Original comment by efo...@gmail.com
on 21 Oct 2008 at 3:01
there is *nothing* in the missing place (between arg at wrong address and arg
count).
if you read the assembler, you can see that nothing is ever put there by the
caller.
callee accesses this place thinking that the arg is there (it should be, but
isn't).
Original comment by jmoc...@gmail.com
on 21 Oct 2008 at 3:17
Fancy... in the code I produce I see that the intermediate result of the ?: is
stored
at 288(,$s1). This is two slots above 272(,$s1). As maximum number of arguments
is 1
(blah()), and one slot is reserved for the number of arguments, the place where
the
?: result is stored is the first available slot for automatic variables. So
this part
has worked correctly.
On the other hand, when calling the function blah() arguments are stored
relative to
the stack pointer $s2. The only argument is stored at -280(,$s2) which is
actually
equal to 296(,$s1). The correct place would be 280(,$s1)...
The decision for the place to store the arguments is done very early (.vreg
step),
while the place for storing the local variable is really there only after .greg.
Maybe this means we need to delay storing the arguments until the other
registers are
done? In other implementations there are several places where such delays need
to be
done...
Original comment by efo...@gmail.com
on 21 Oct 2008 at 3:39
grrrrrr ... I'm getting really annoyed by this. a fix, a fix, a kingdom for a
fix!
the main difference between -O0 and -O1 (latter works OK) is in the fact that
-O1
code does not put intermediate value resulting from ?: operator (iftmp0 in rtl)
on
the stack.
-O0 (fails miserably):
1. ?:
2. sts result,288(,$s1) (one or the other result)
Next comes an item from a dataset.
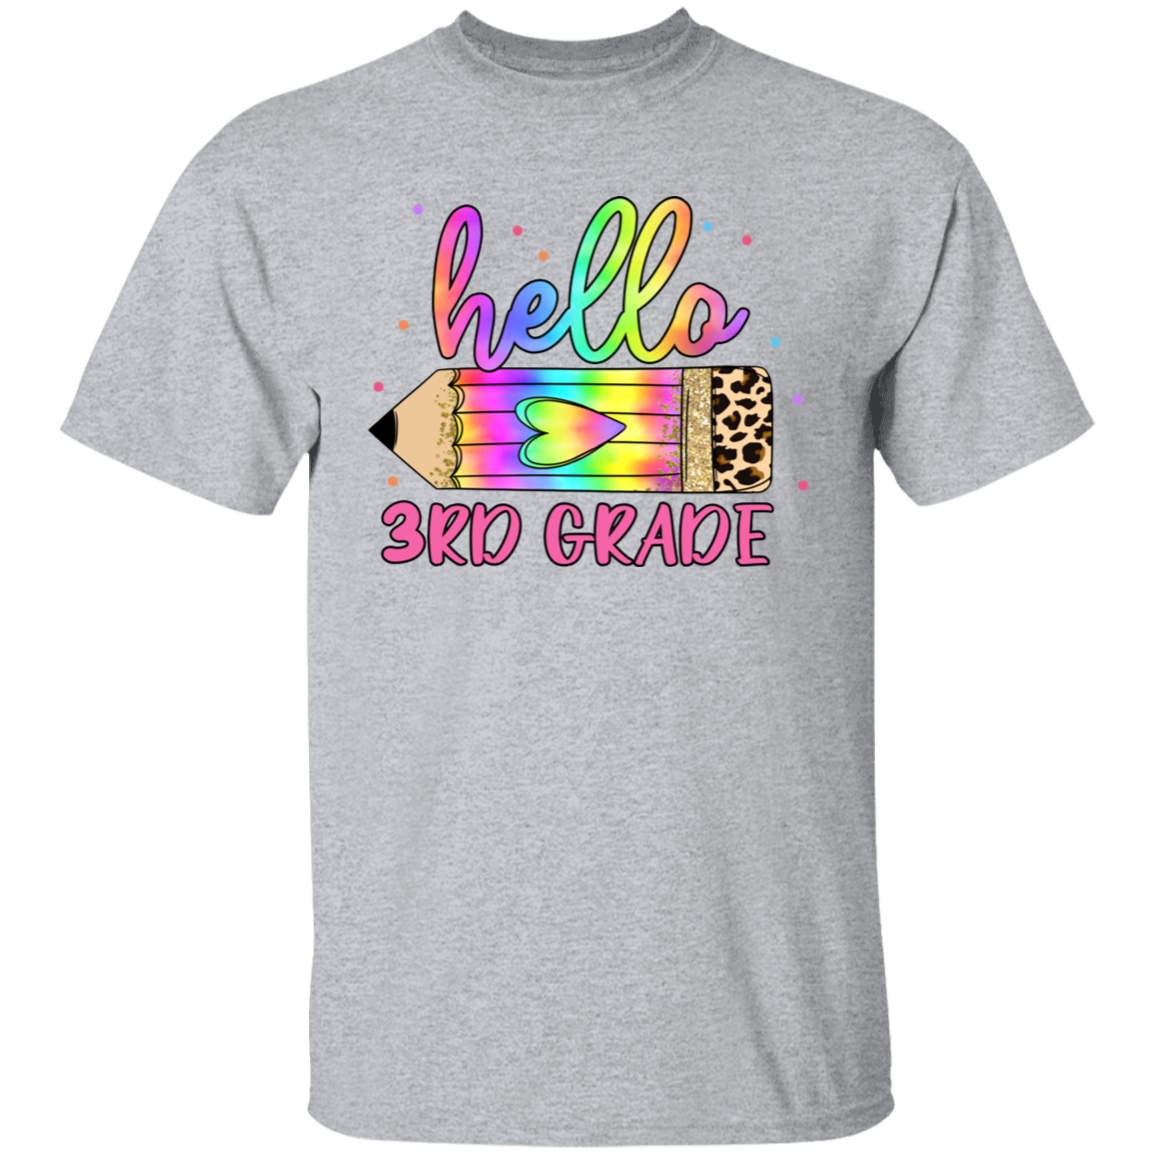 3rd Grade Youth 5.3 oz 100% Cotton T-Shirt

3. lds reg,288(,$s1) (reloads it result of ?:)
4. sts reg,-280(,$s2)
5. sts argcount,-304(,$s2)
6. lea argptr,-304(,$s2)
7. bsic
-O1 (works like a charm):
1. ?: (result is in reg)
2. sts reg,-280(,$s2)
3. sts argcount,-288(,$s2)
4. lea argptr,-288(,$s2)
5. bsic
thus, it seems that it's the placing of tmp result of expression used for arg
on the
stack that confuses gcc's idea of what is where on the stack.
btw, -fverbose-asm is your friend ... ;)
Original comment by jmoc...@gmail.com
on 22 Oct 2008 at 2:33
one more thing: I was wrong about nothing being put between arg count and the
only
arg (see comment 10); actually, the stack looks like this with -O0 just before
doing
the bsic to blah():
SP ($s2) -------------> callee RSA (272b)
...
SP - 280 -------------> arg (8b, == iftmp0 == result of ?!)
SP - 288 -------------> iftmp0 (8b, result of ?:)
SP - 296 -------------> ???? (8b, nothing stored here)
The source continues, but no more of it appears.